I wonder how they do it live? I guess, visiting their shows has to be an extreme. Either you pick a good day and get an excellent experience, or you pick a bad day and you ask yourself why you are wasting you time. Four people interacting so intricately, so closely and so compact as on this album seems almost impossible to me. Except for the drums, played in a very tom-heavy, tribal way, it is impossible to say who of the four-piece does what. All the electronic effects make it impossible to guess where a lot of the sounds come from. And then you start to wonder, if the some-minute long piece of waves splashing on the shore on the beach, really is a field-recording that was mixed into the track in the studio, or did they just twiddle some knobs on a digital effects-panel to its most extreme? And what the heck is a Gonkulator or a Zvex Wooly Mammoth? (I don’t think Black Dice will ever make the cover of “Guitar Player”-Magazine.) And is that important, or doesn’t the result count as much or even more?

“Beaches and Canyons” is a wild trip, with the sounds and the attitude pointing directly at the main influences and objectives of the band.
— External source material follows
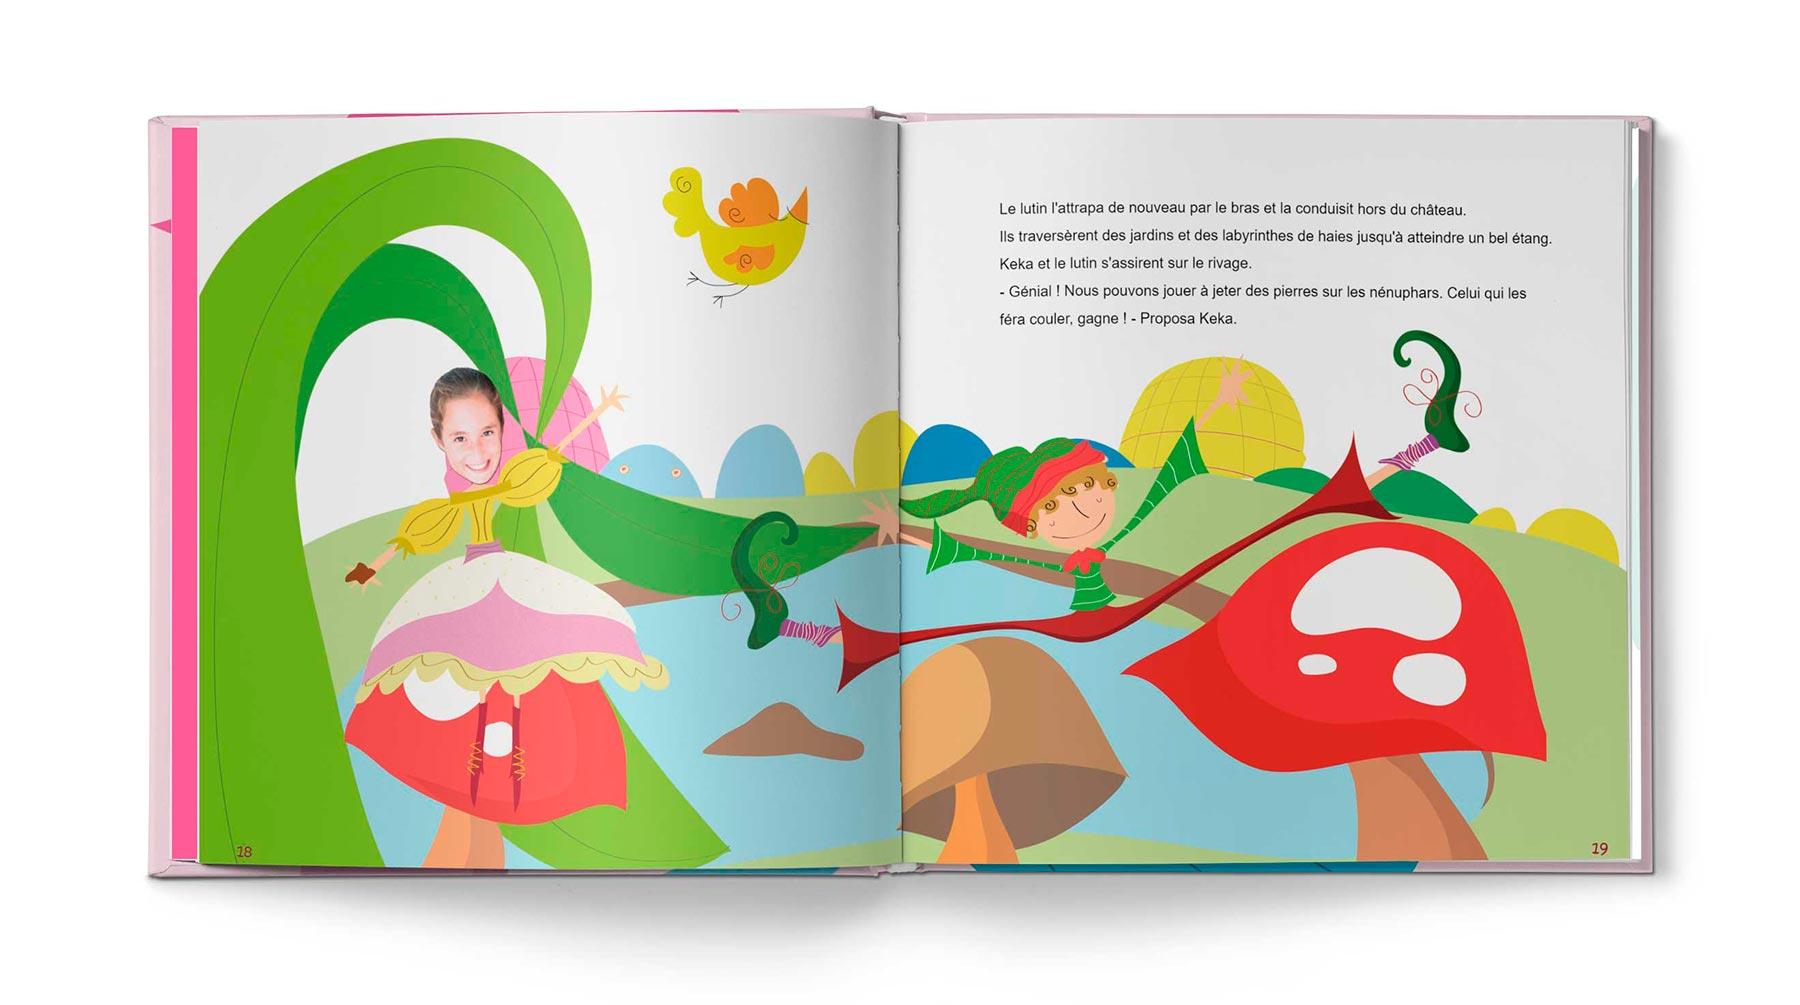 Histoire La princesse et le pansement - Image 9

But even though this record will make you want to dig out your old albums by Throbbing Gristle as well as Pink Floyd as well as some Krautrock, Black Dice aren’t interested as much in the sounds these pioneers made, but rather in the attitude these bands had, when they started off. The Black Dice are still filled with the energy and idealism you have, while studying at college and they use it to the most extreme degree. For instance on my favourite track on this album, “Endless Happiness”, which starts off very slowly and peacefully, almost like a new age-CD called “Gardens of the East” or “The Spirit of India” or something likewise repugnable, but repeatedly evolves into a hyper-fast scream-and-trash-orgy that reminds me of the Boredoms a lot. And then somewhere else and back again. But no matter what the actual bpm is at the moment, they take their time, they don’t hurry. Bliss and ecstasy will come (or not) but if you try to force it, it is gone. So are we dealing with Zen and the art of rock? Or is it the art of droning in hyper-activity?